Documentation
¶
Overview ¶
Package schema reads Paimon table schema metadata.
Index ¶
- func ToArrowField(f DataField) (arrow.Field, error)
- func ToArrowSchema(fields []DataField) (*arrow.Schema, error)
- func TypeTag(dt DataType) string
- type DataField
- type DataType
- type Manager
- type TableSchema
- func (s *TableSchema) FieldByName(name string) (DataField, bool)

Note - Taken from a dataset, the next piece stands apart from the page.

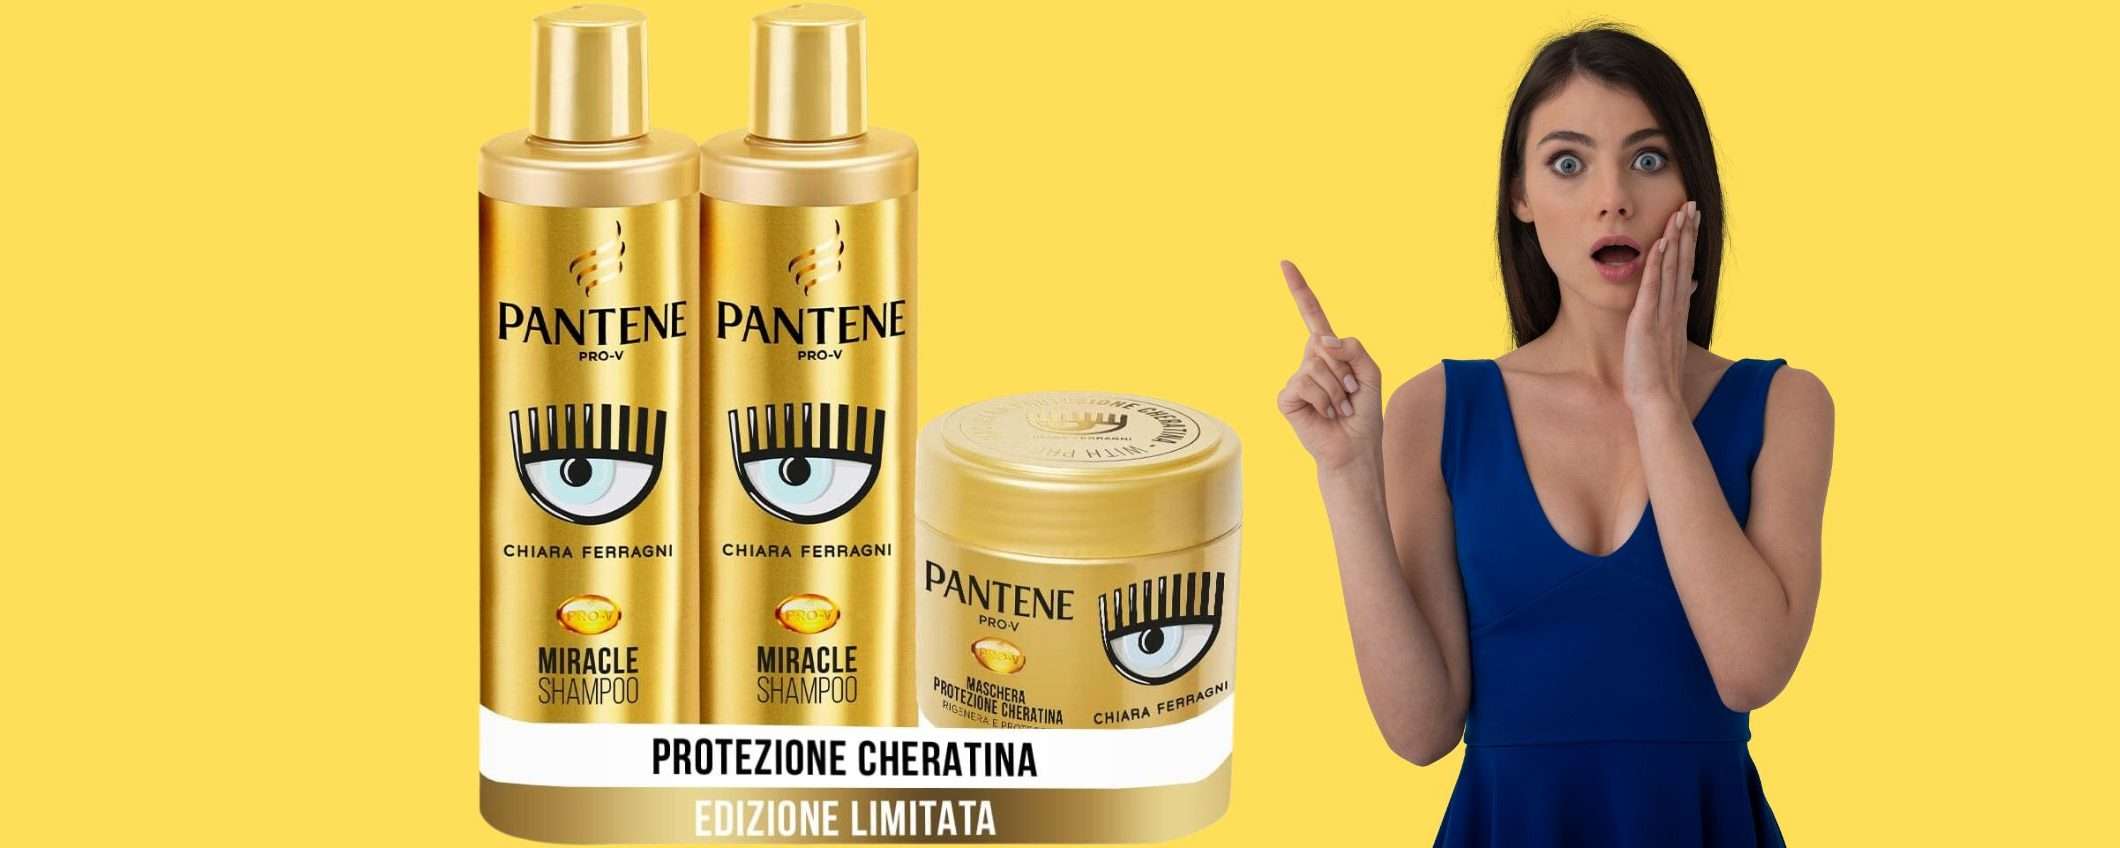 Pantene Pro-V by Chiara Ferragni Miracle Shampoo a soli €8,75: offerta incredibile Amazon
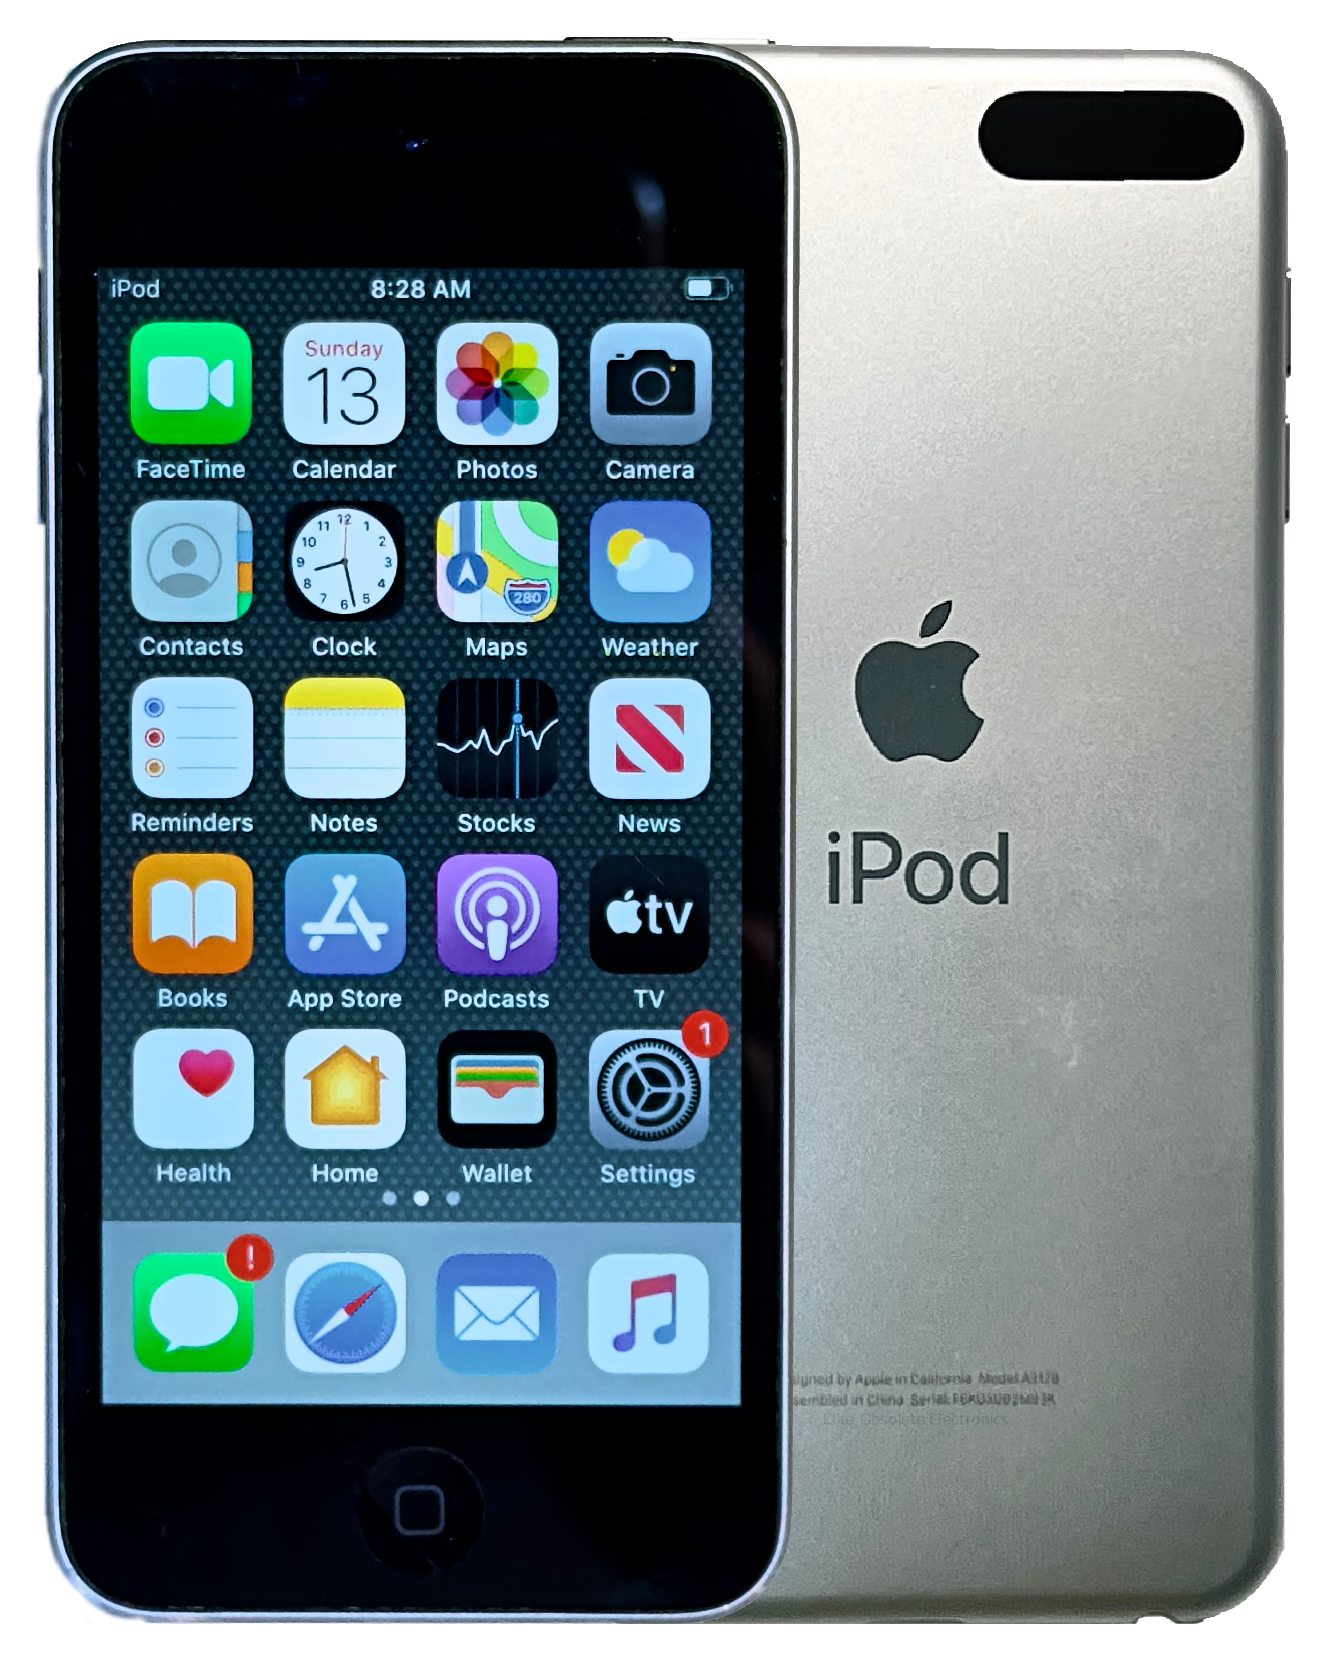 Rare iOS 13.4.1 Refurbished Apple iPod Touch 7th Generation Silver & Black 32GB MVHV2LL/A

- func (s *TableSchema) FileFormat() string
- func (s *TableSchema) IsPrimaryKeyTable() bool
- func (s *TableSchema) MergeEngine() string
- func (s *TableSchema) PartitionFields() []DataField
- func (s *TableSchema) PrimaryKeyFields() []DataField
- func (s *TableSchema) PrimaryKeyIndices() []int
Constants ¶
This section is empty.
Variables ¶
This section is empty.
Functions ¶
func ToArrowField ¶
ToArrowField converts a DataField to an Arrow field.
func ToArrowSchema ¶
ToArrowSchema converts a slice of DataFields to an Arrow schema.
Types ¶
type DataField ¶
type DataField struct {
ID int `json:"id"`
Name string `json:"name"`
Type DataType `json:"type"`
Description string `json:"description,omitempty"`
}
DataField is a named, typed column in a table schema.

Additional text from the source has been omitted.